IC360 — the private integrity-monitoring vendor that most US-licensed sportsbooks subscribe to — flagged the fight before the cage door closed. After del Valle won inside the first round, Caesars Sportsbook and DraftKings voided all wagers on the bout. Dana White went on TMZ Sports and called the situation, in his words, absolute insanity. The FBI opened an investigation. And the wider UFC betting community got a crash course in something that had been operating quietly in the background for years: real-time, vendor-driven integrity monitoring across the regulated sportsbook ecosystem.

This piece is about how that monitoring actually works.
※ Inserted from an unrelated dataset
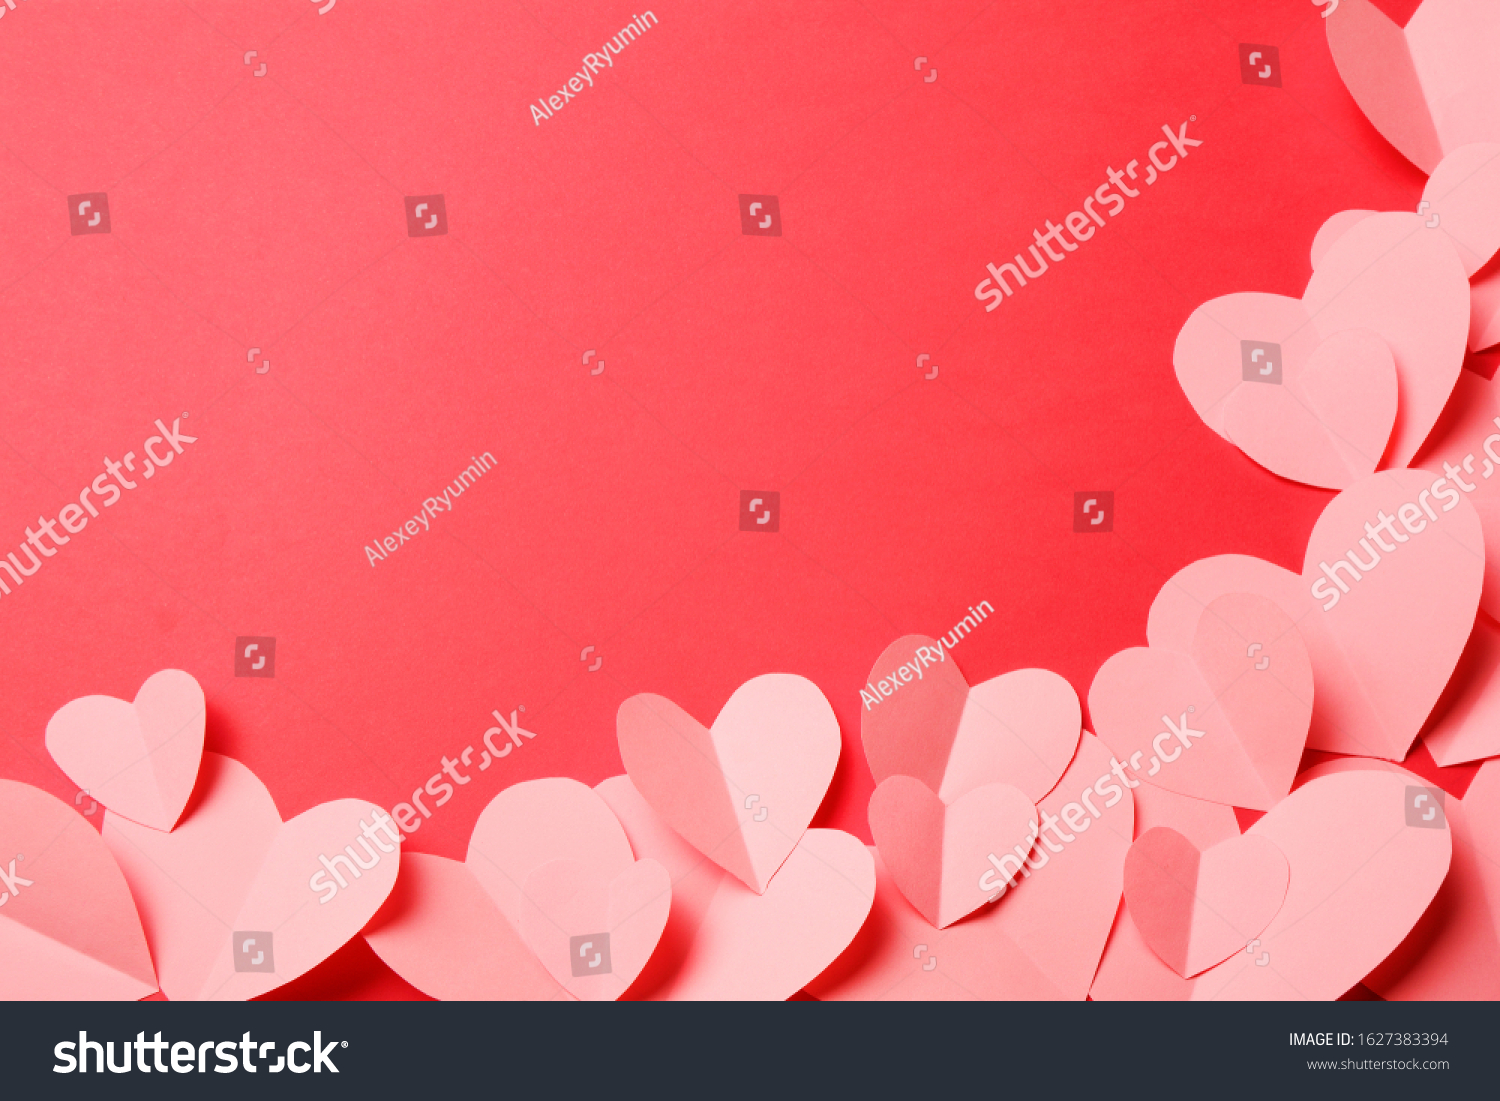 Cut out of pink paper hearts on red background. Good Valentines day, Womans day, love, romantic or wedding composition with copy space for your text for banner, congratulation, card, offer, flyer, advertising, invitation.

Not the rhetoric around it, not the marketing, but the operational mechanics of how an IC360 alert is generated, what data feeds it, and what changes (and what does not change) the moment a UFC fight gets flagged.

What IC360 actually is, and what it is not

The first thing to be clear about is that IC360 is not a regulator. It is a private company — formerly known as US Integrity, rebranded after a merger with Odds On Compliance in 2024 — that sells integrity-monitoring services to sportsbook operators, leagues, regulators and other clients on a subscription basis. Its leverage comes from the breadth of its data network, not from any statutory power.
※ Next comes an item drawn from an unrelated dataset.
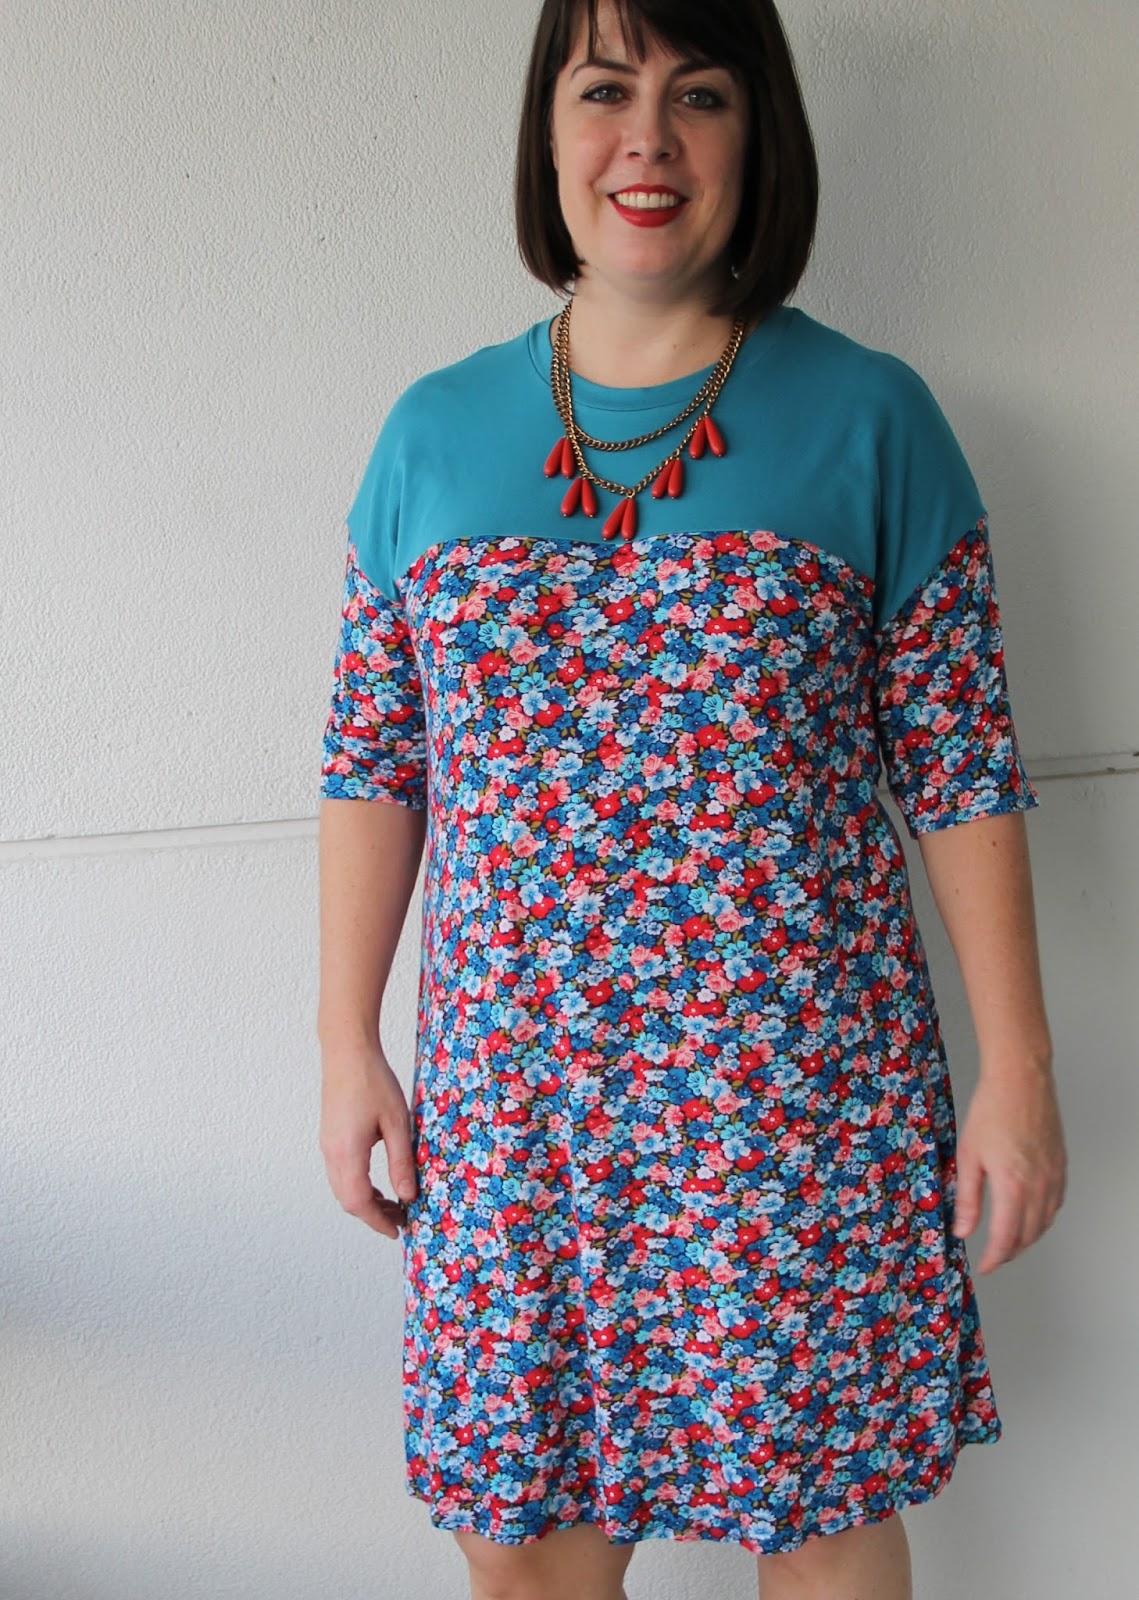 Cookin' & Craftin': Floral Colorblocked Marianne Dress

What that means in practice: when IC360 flags a fight as suspicious, the company is not “ruling” anything. It is issuing an alert to its client network — sportsbooks, regulators, leagues, and law enforcement contacts — that something in the data deserves immediate human attention. The decision to void wagers, suspend a market, refer a case to law enforcement, or take any other action sits with the relevant operator or governing body, not with IC360. The monitor is the smoke alarm, not the fire brigade.

That distinction matters because casual coverage often frames IC360 alerts as authoritative judgments of fight-fixing. They are not. An alert says, “the betting pattern on this market is statistically anomalous and worth reviewing.” The eventual finding might be deliberate manipulation, inside information, a coincidental cluster of sharp opinion, or a misread by the algorithm. The alert itself is a triage step.

The other thing IC360 is not: a monitor of offshore sportsbooks. Its data network is built on relationships with regulated US books and a smaller number of international regulated operators. Offshore books — Bovada, BetUS, BetOnline, MyBookie, and the dozens of smaller sites that serve California bettors — are not in the data feed. Whatever was happening on the offshore side of the Dulgarian fight is invisible to IC360 in real time. That blind spot is structural, and it matters for a California bettor specifically.

The data sources that feed an alert

An integrity monitor lives or dies on its data network. IC360’s network ingests several distinct feed types and combines them to produce the signal that triggers an alert. Understanding what feeds the system tells you what kinds of manipulation it is positioned to catch — and what kinds it is positioned to miss.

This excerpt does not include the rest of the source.